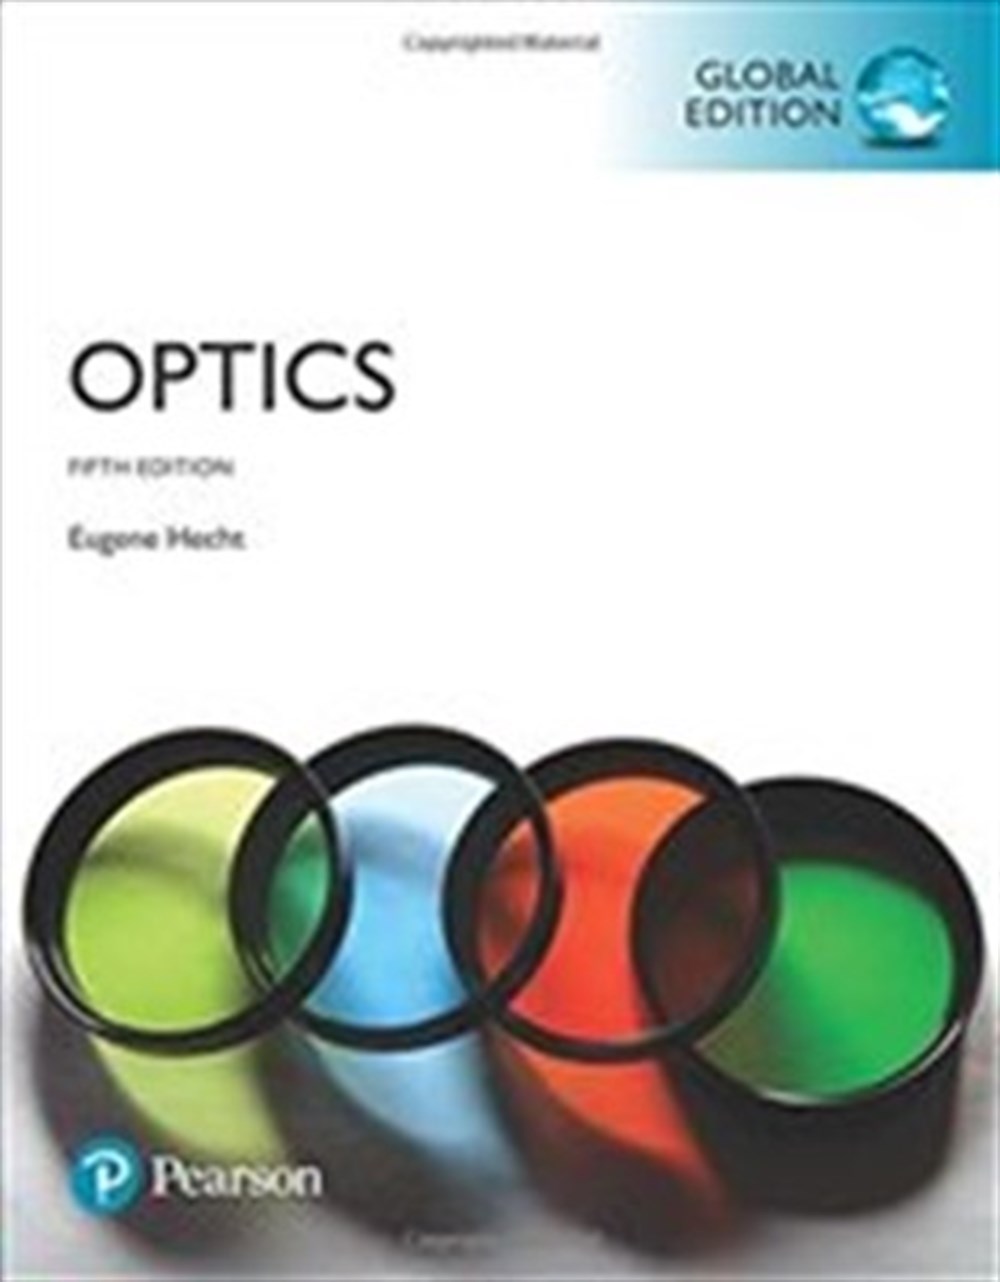 Optics
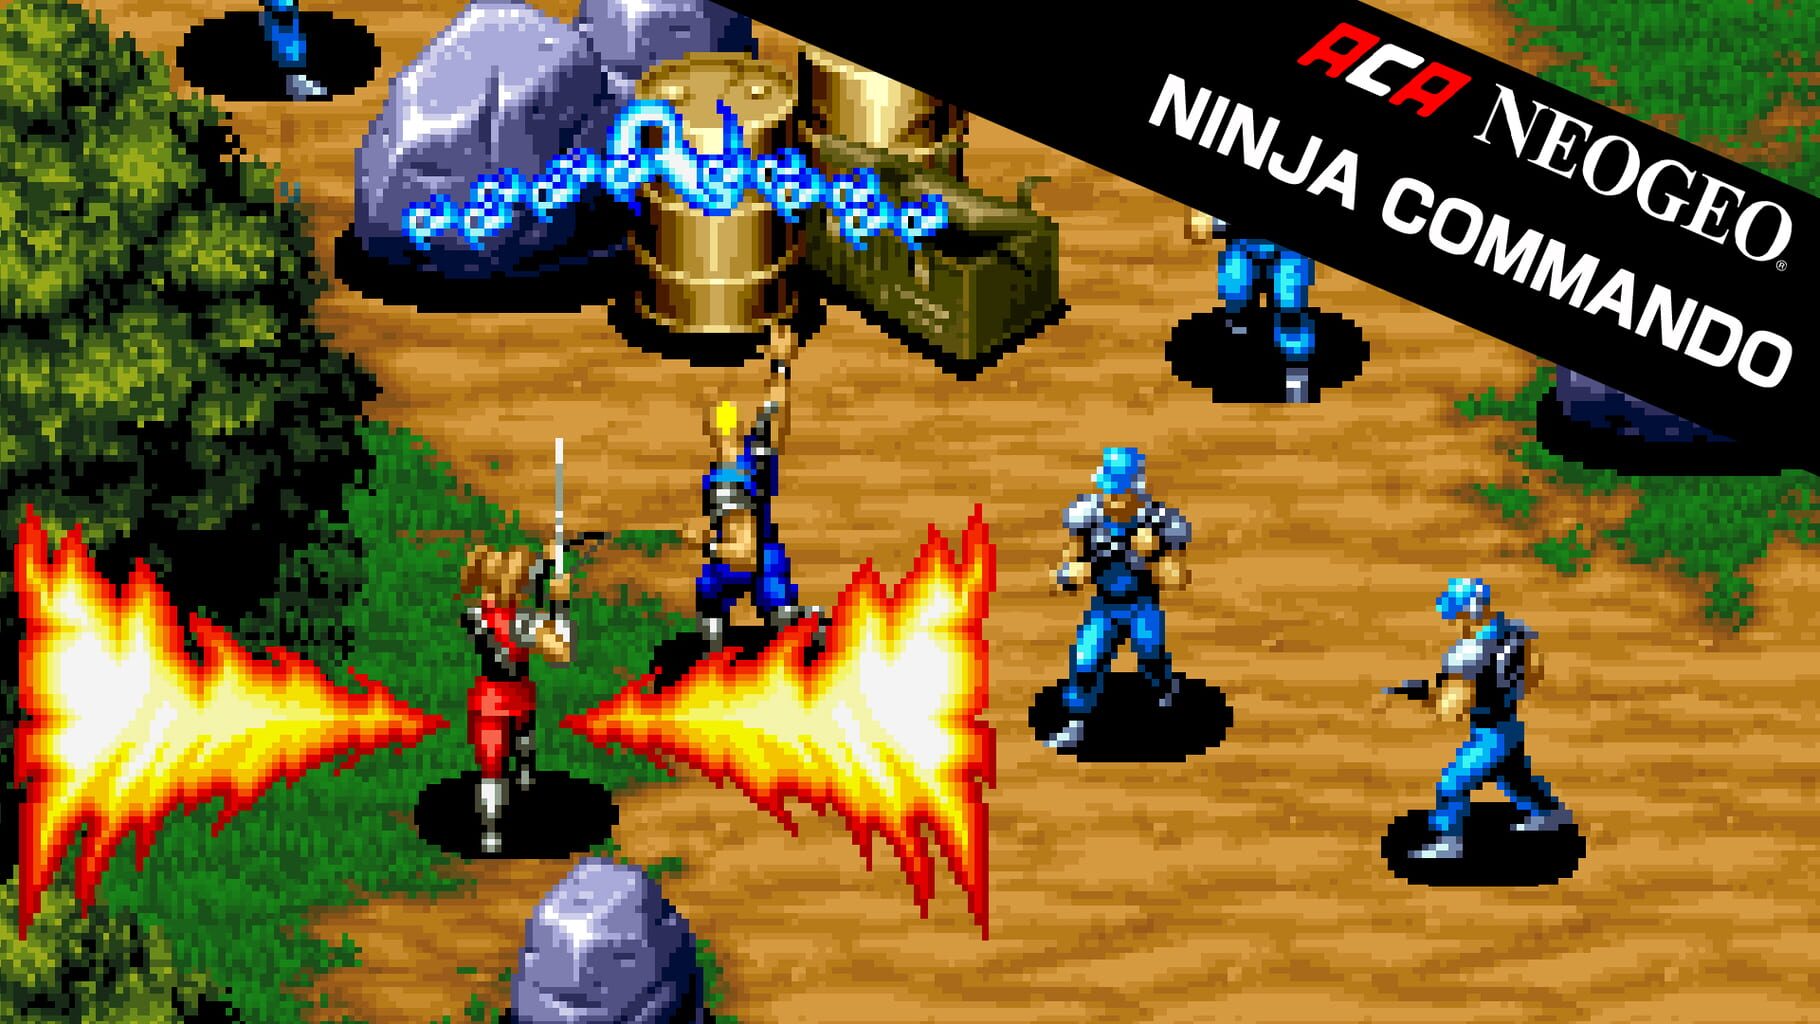 ACA Neo Geo: Ninja Commando artwork
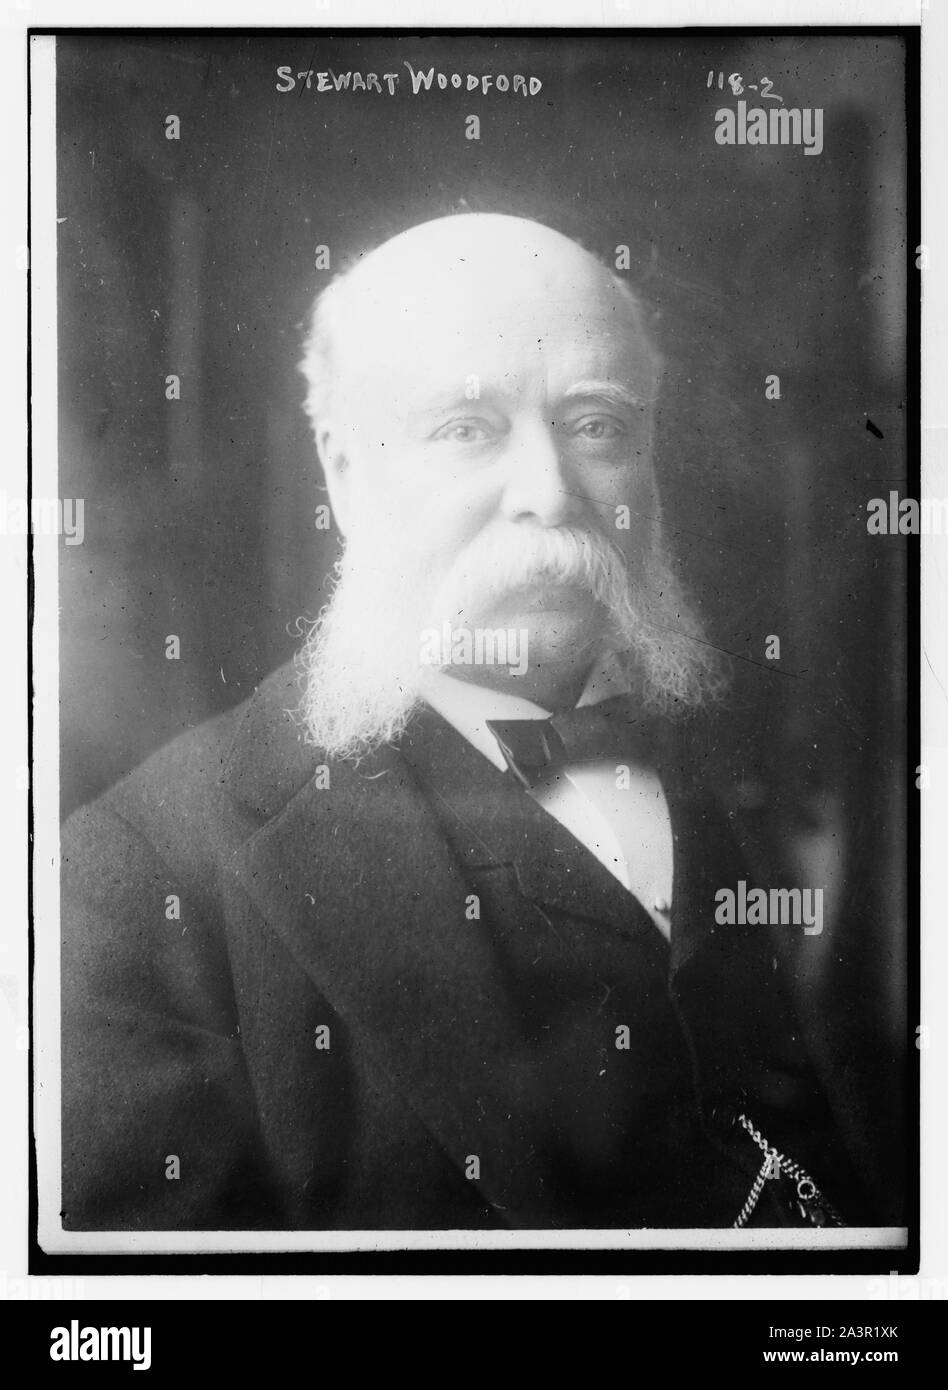 Stewart Woodford, portrait bust Stock Photo

_THE TASK:_
Across all the lines above, repeat the wording exactly and omit the pictures.

_ANSWER TO THE EXERCISE:_
 Optics
 ACA Neo Geo: Ninja Commando artwork
 Stewart Woodford, portrait bust Stock Photo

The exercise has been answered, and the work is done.